Тут не примитивное варварство, не коммунистическое богохульство просто. Отхожее место здесь — символ цивилизации, созидаемого рая на земле, комфортного во всех смыслах. Божий храм — врата в Царство Небесное. Комфортабельное отхожее место — врата в земной рай.

Что предпочесть? Вопрос — поэтическою метафорой — ставится именно так. Даже оставивший Бога, но не утративший вполне поэтического ощущения бытия человек не может не чувствовать вульгарности самого вопроса, реально поставленного временем. Это тоже мука.

Страшно: гибнет то, что было дорого сердцу, пусть даже в поэтических грёзах превознесённое.

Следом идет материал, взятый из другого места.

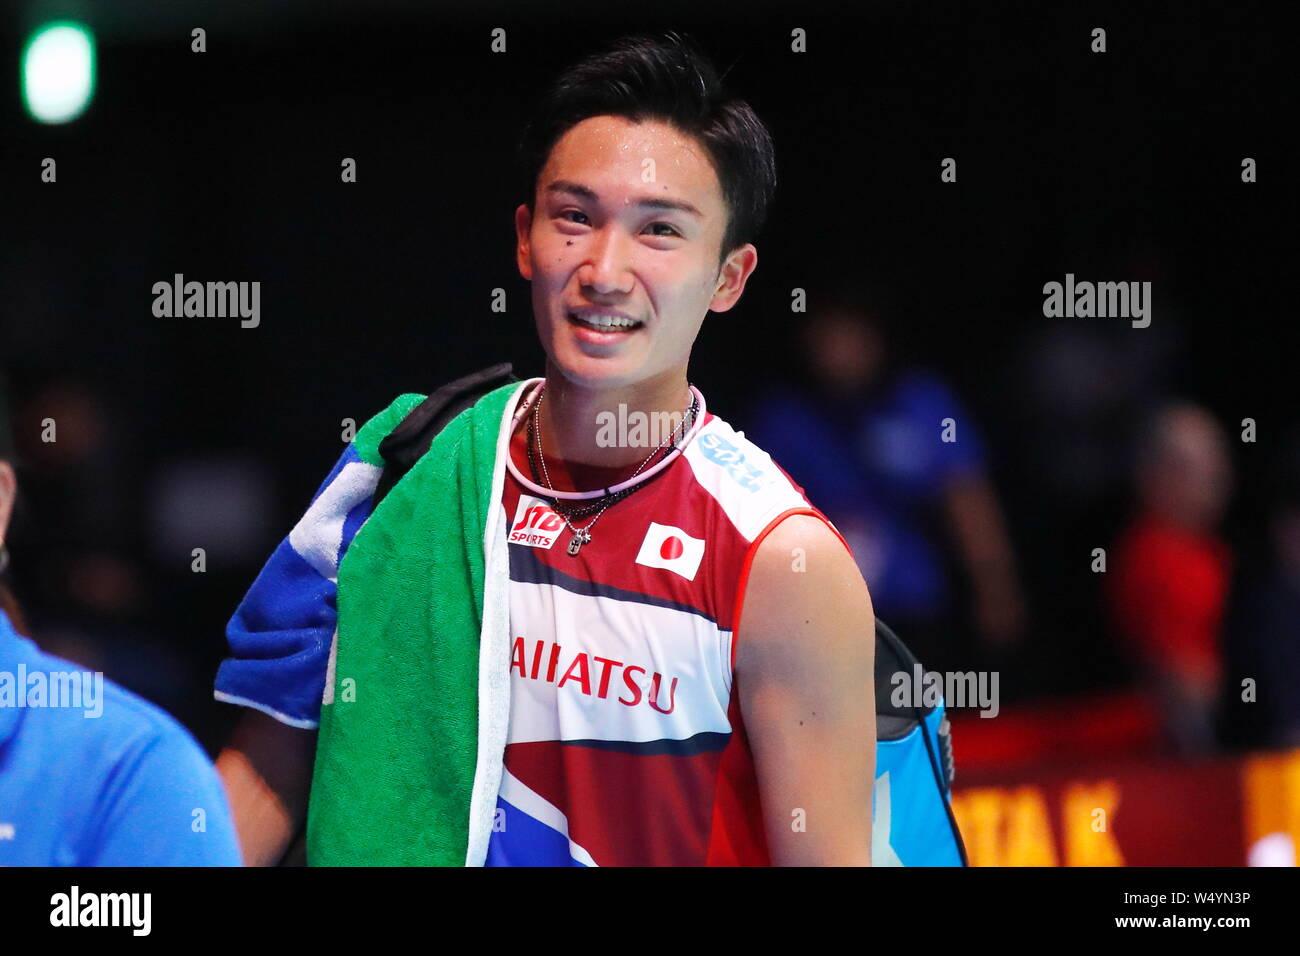 Tokyo, Japan. 23rd July, 2019. Kento Momota (JPN) Badminton : Daihatsu Yonex Japan Open 2019 men's Singles at Musashino Forest Sport Plaza in Tokyo, Japan . Credit: Sho Tamura/AFLO SPORT/Alamy Live News Stock Photo

И гибнет то, в конце концов, на чём строилась вся образная система поэзии Есенина, — вот что не мог он не ощутить. Трагедия его раскрылась в знаменитом символе из поэмы «Сорокоуст» (1920):

Видели ли вы,
Как бежит по степям,
В туманах озёрных кроясь,
Железной ноздрёй храпя,
На лапах чугунных поезд?
А за ним
По большой траве,
Как на празднике отчаянных гонок,
Тонкие ноги закидывая к голове,
Скачет красногривый жеребёнок?
Милый, милый, смешной дуралей,
Ну куда он, куда он гонится?
Неужель он не знает, что живых коней
Победила стальная конница? (2,93)

И т.д.

Паровоз здесь сродни дракону, апокалиптическому Зверю, пугающему своею железностью.

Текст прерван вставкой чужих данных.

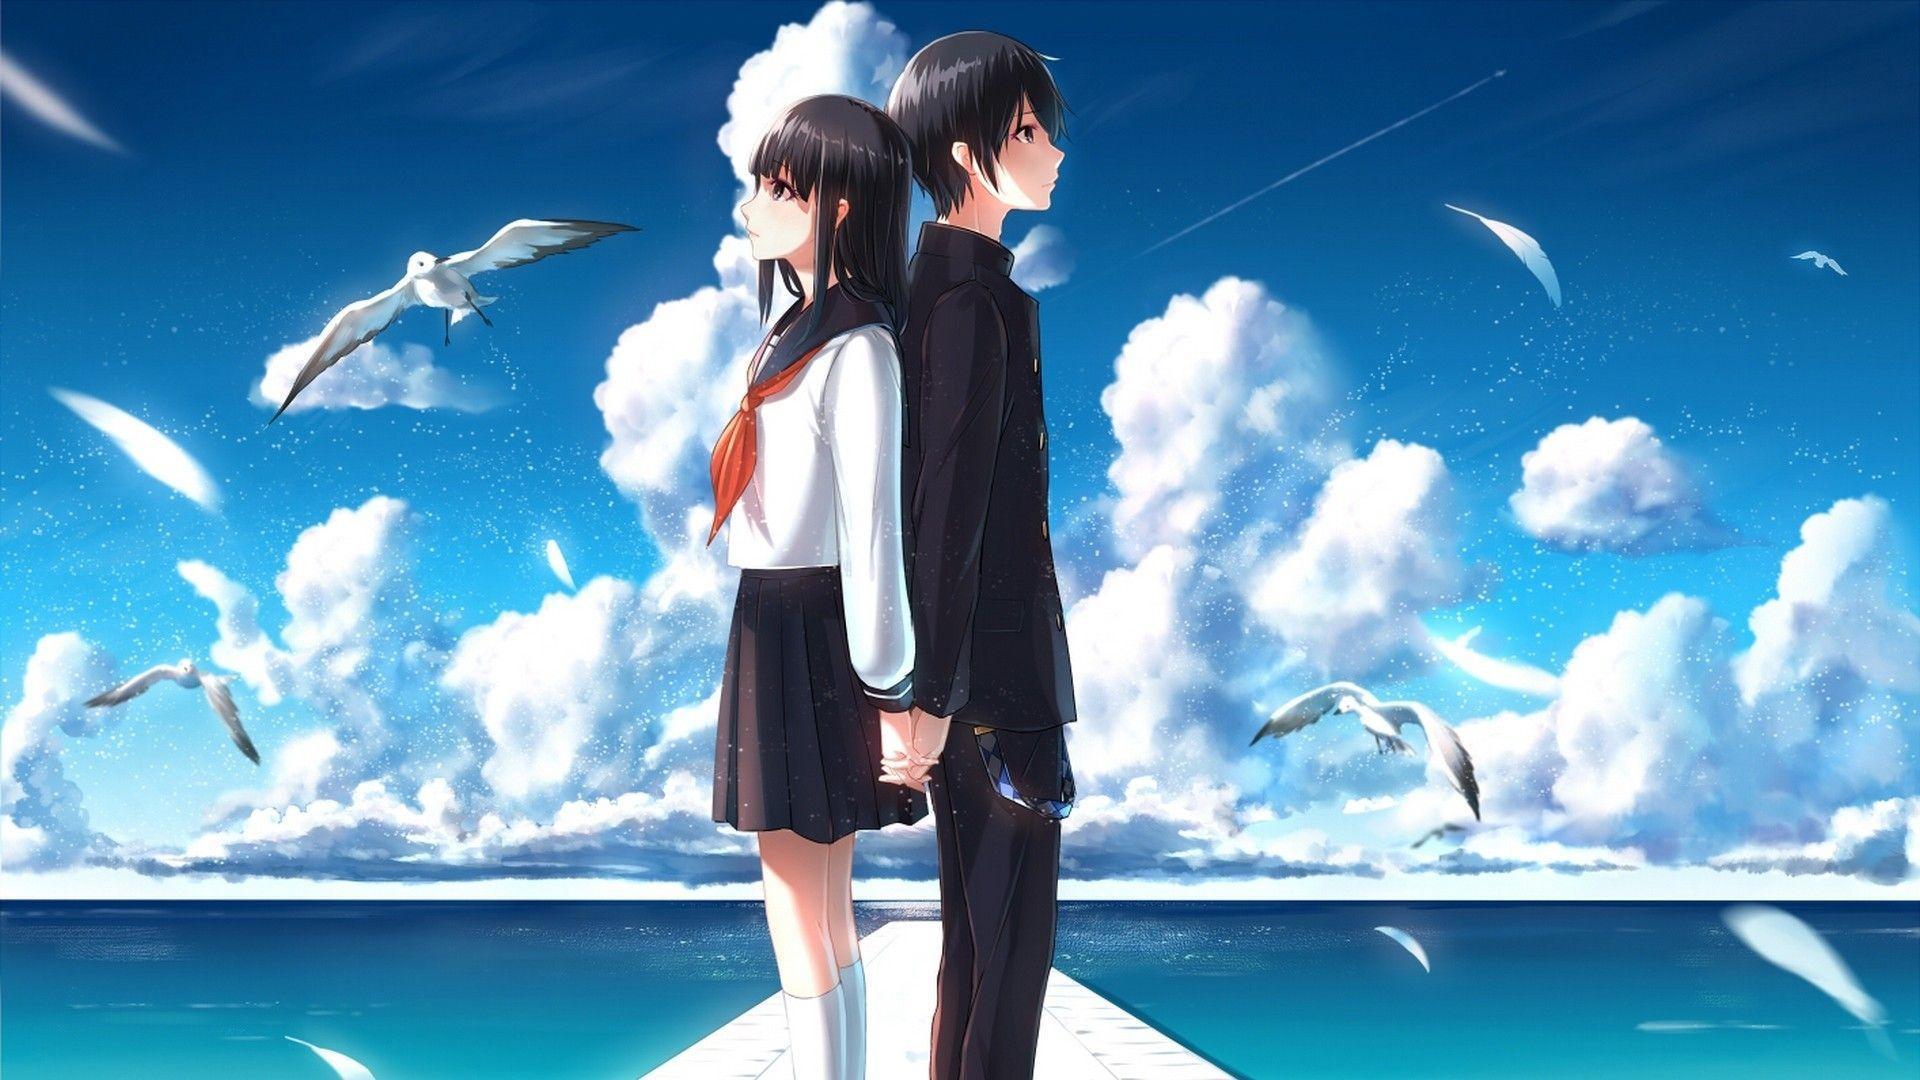 450+ Foto Wallpaper Anime Romantis Terbaru

Эти строки основаны на реальном эпизоде, о чём Есенин писал в письме к Е. И. Лившиц (август 1920 г.). Его собственное разъяснение смысла этого эпизода знаменательно:

«Эпизод для кого-нибудь незначительный, а для меня он говорит очень много. Конь стальной победил коня живого. И этот маленький жеребёнок был для меня наглядным дорогим умирающим образом деревни и ликом Махно. Она и он в революции нашей страшно походят на этого жеребёнка, тягательством живой силы с железной» (5,88).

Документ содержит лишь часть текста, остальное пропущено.